## Dataset content
* * * * * * * * *
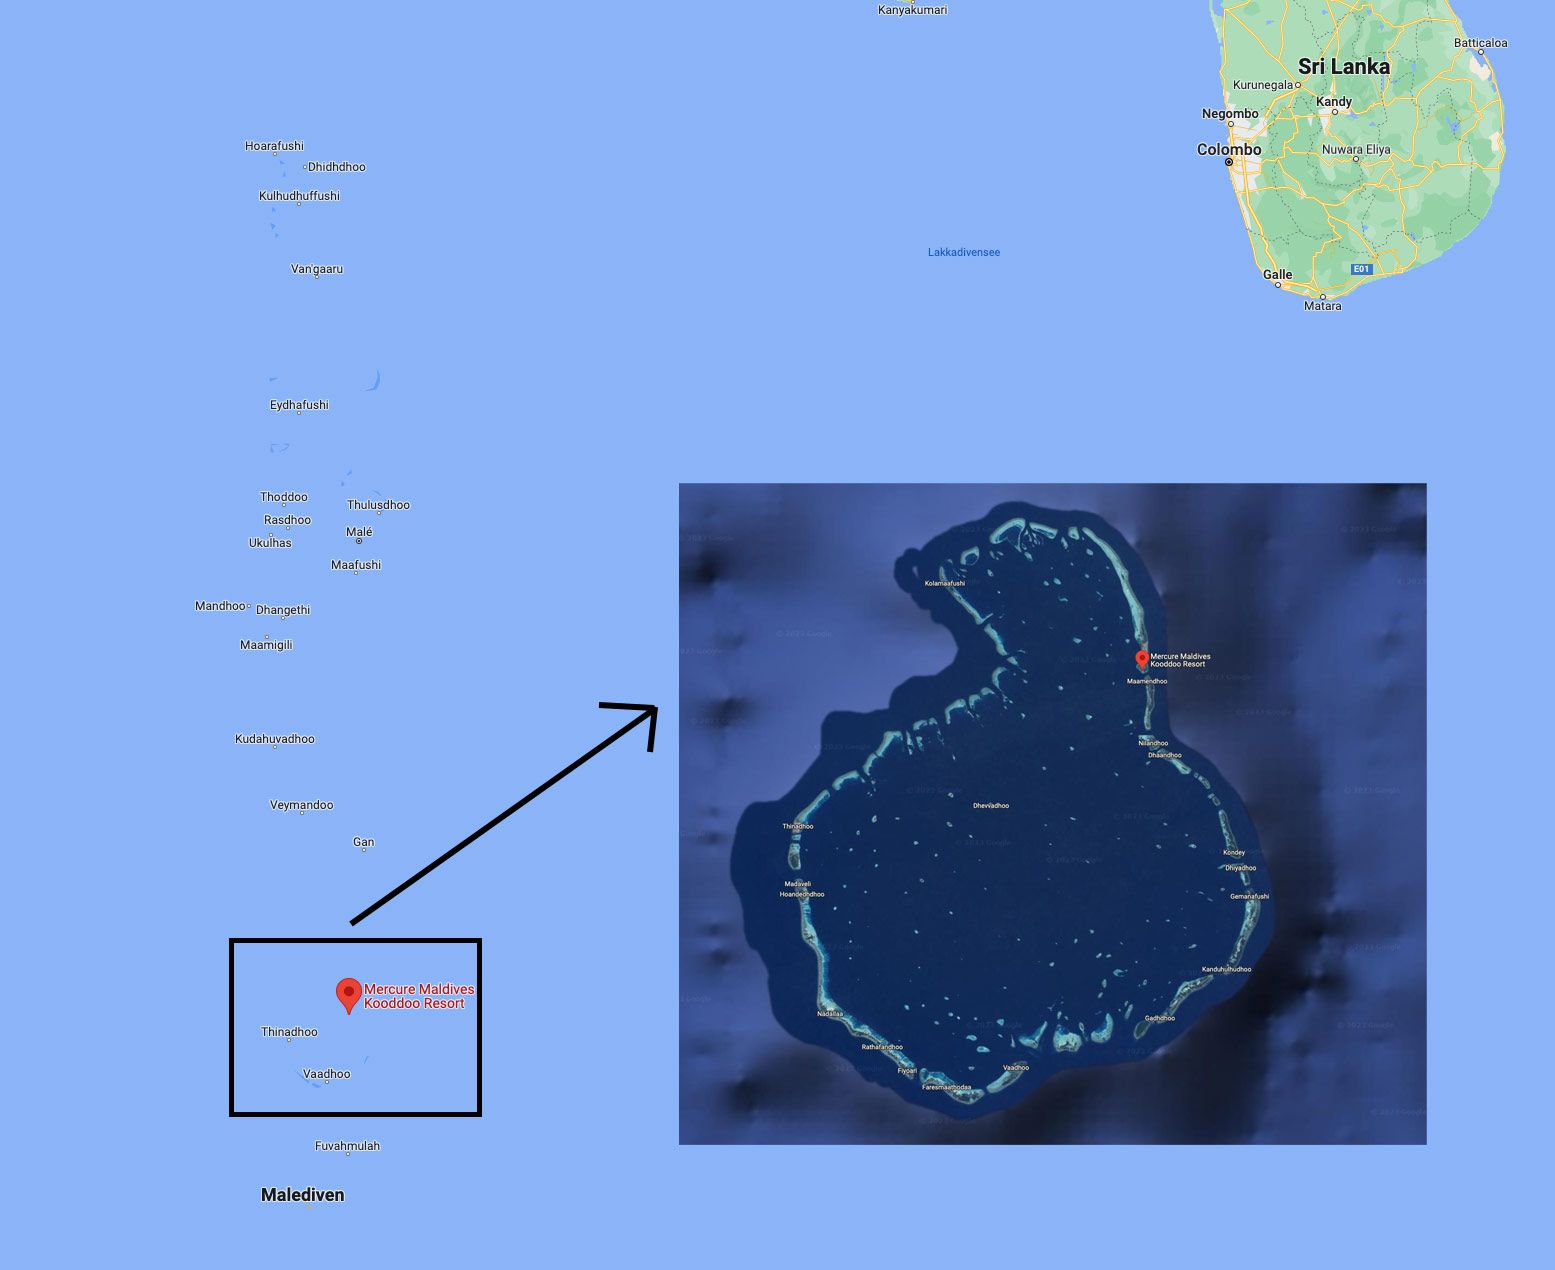 Mercure Maldives Kooddoo - Lage im indischen Ozean
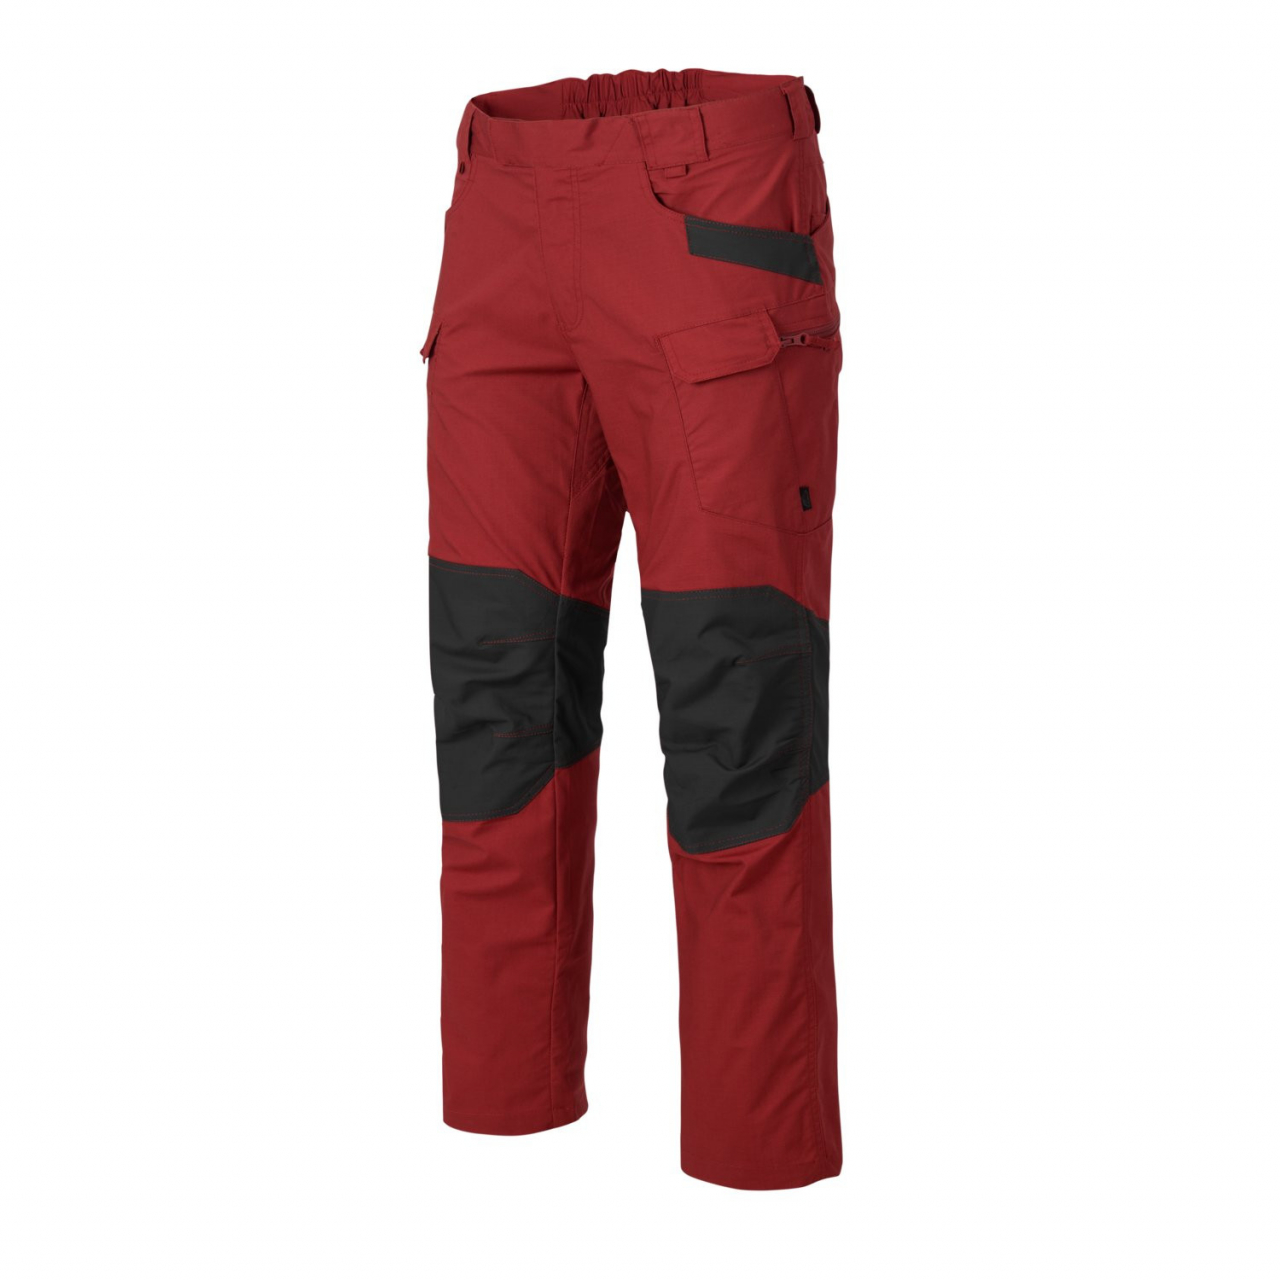 Kalhoty Helikon UTP PolyCotton Ripstop - červené-šedé, 4XL
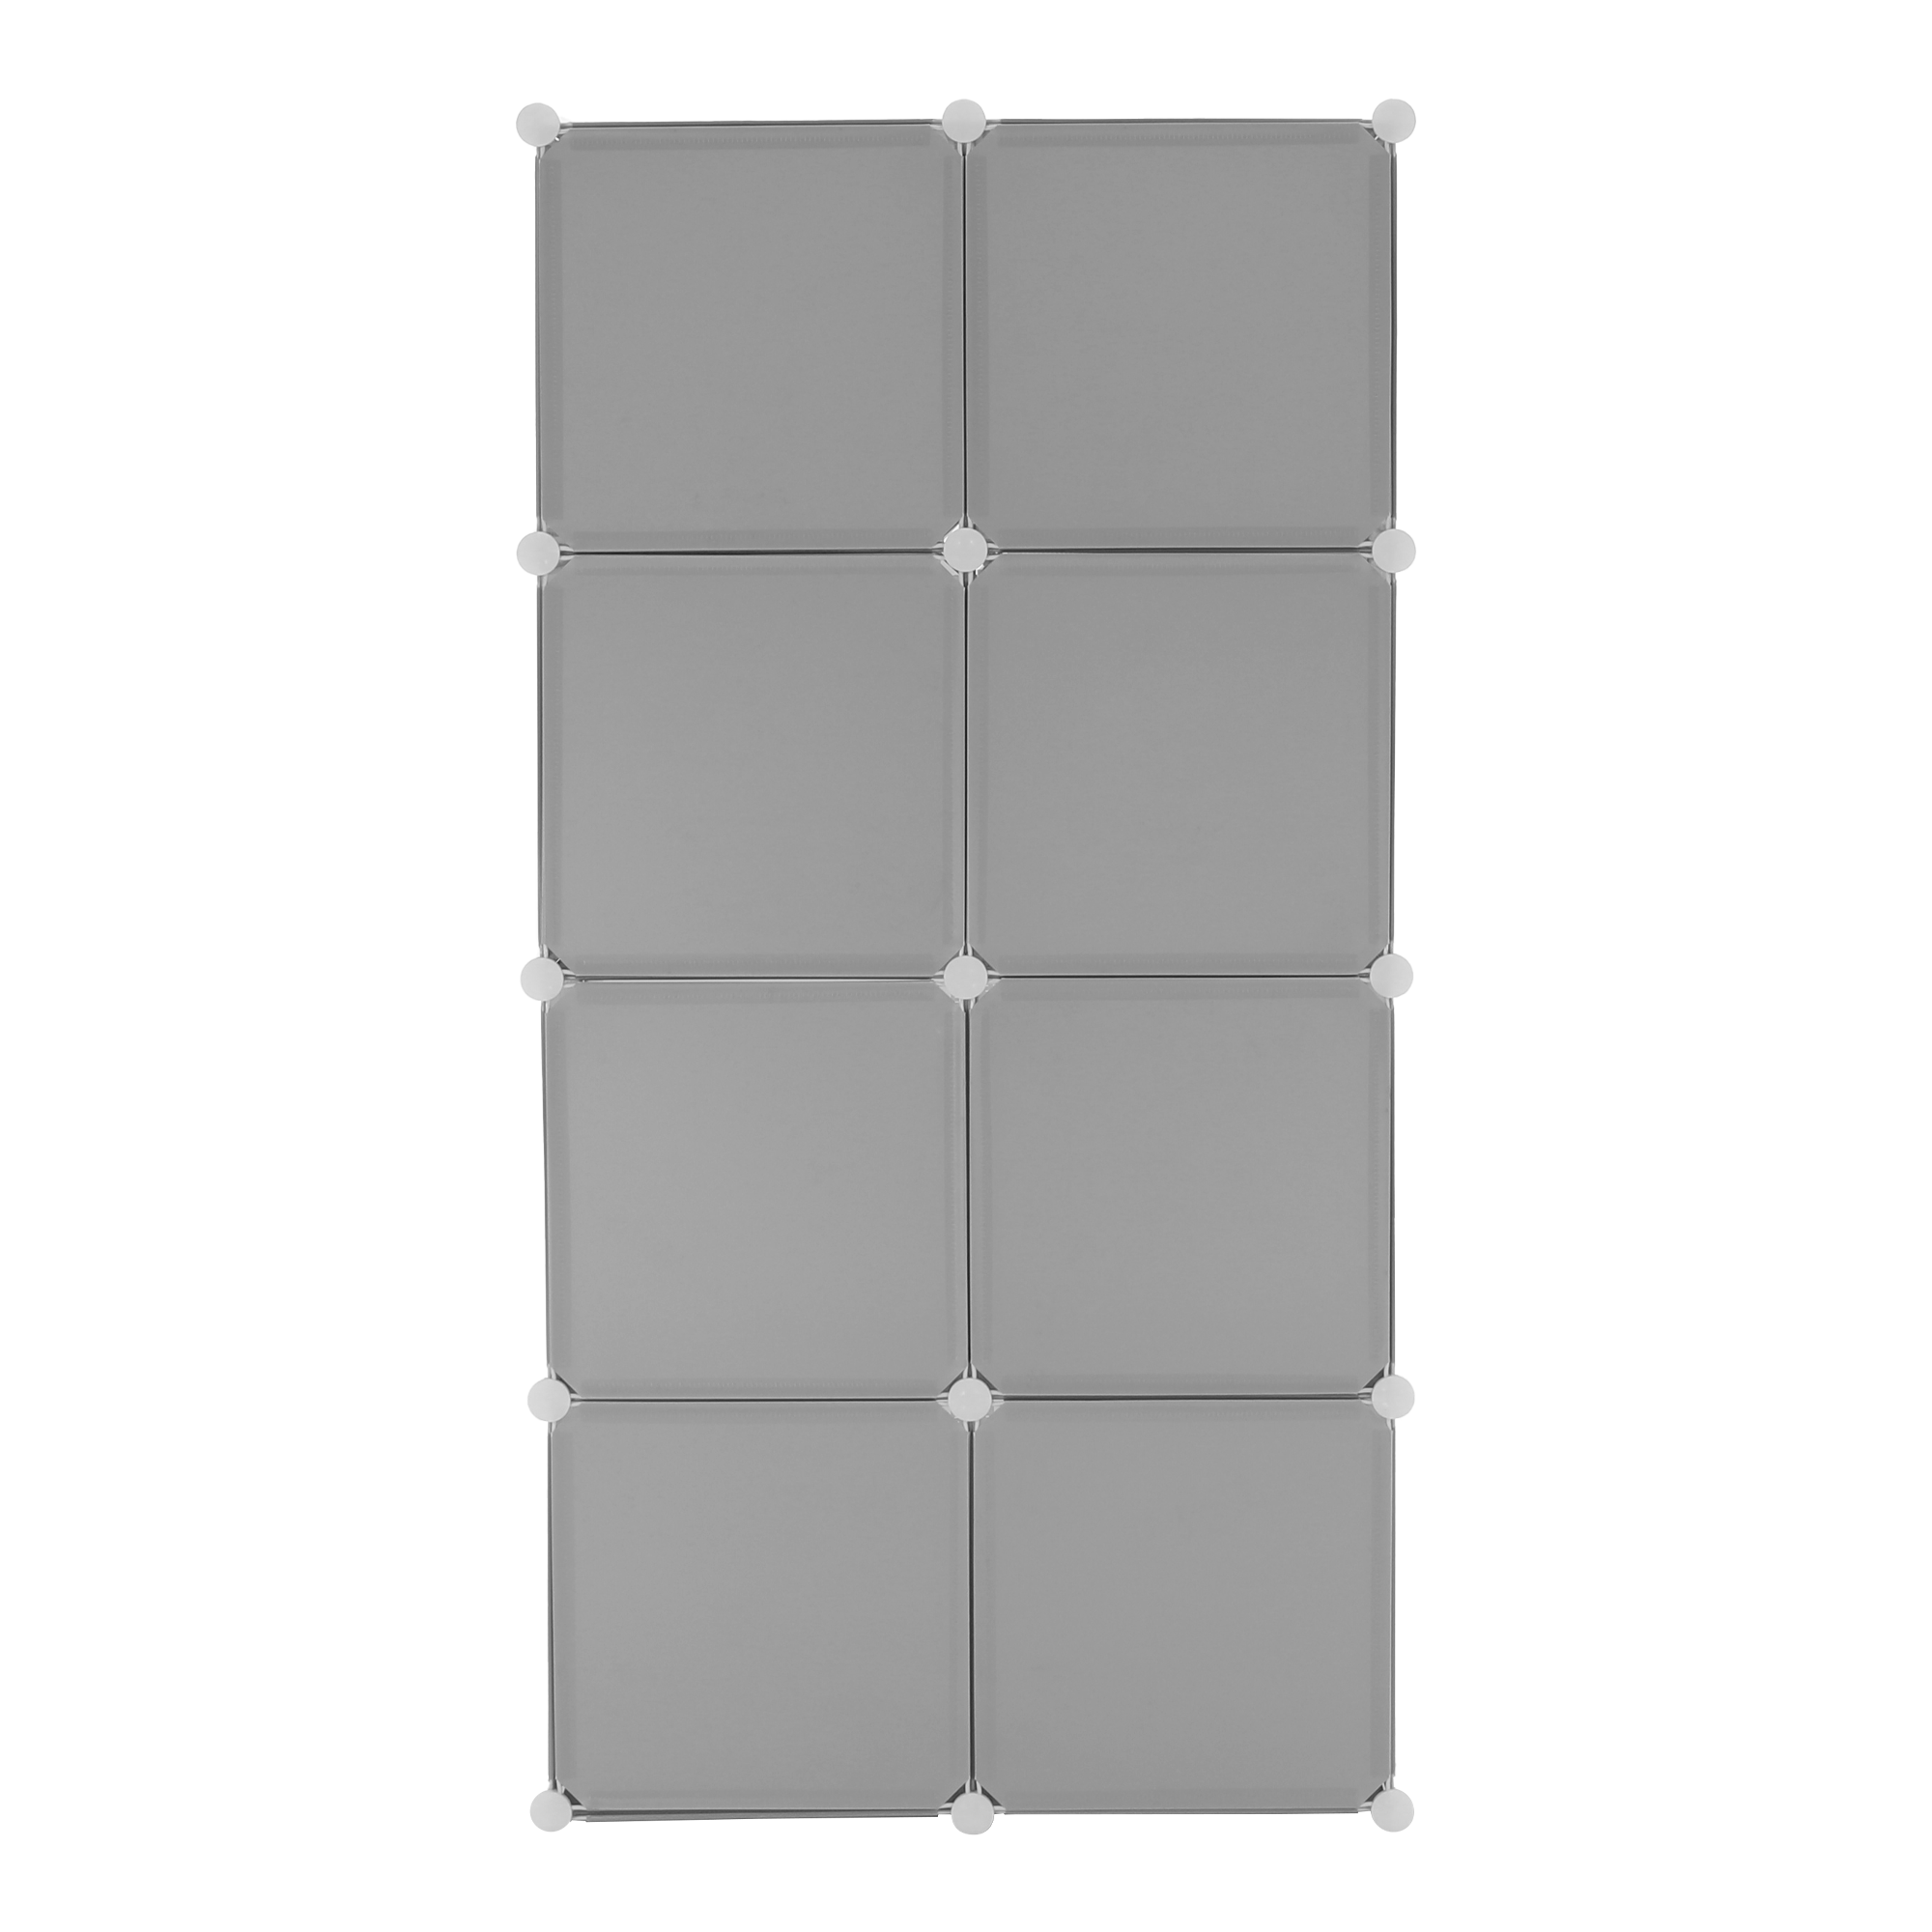 Dětská modulární skříň, šedý / dětský vzor, ATREY
* * * * * * * * *
## What to produce
Could you copy the listing above exactly, without its pictures?

## Expected answer
 Mercure Maldives Kooddoo - Lage im indischen Ozean
 Kalhoty Helikon UTP PolyCotton Ripstop - červené-šedé, 4XL
 Dětská modulární skříň, šedý / dětský vzor, ATREY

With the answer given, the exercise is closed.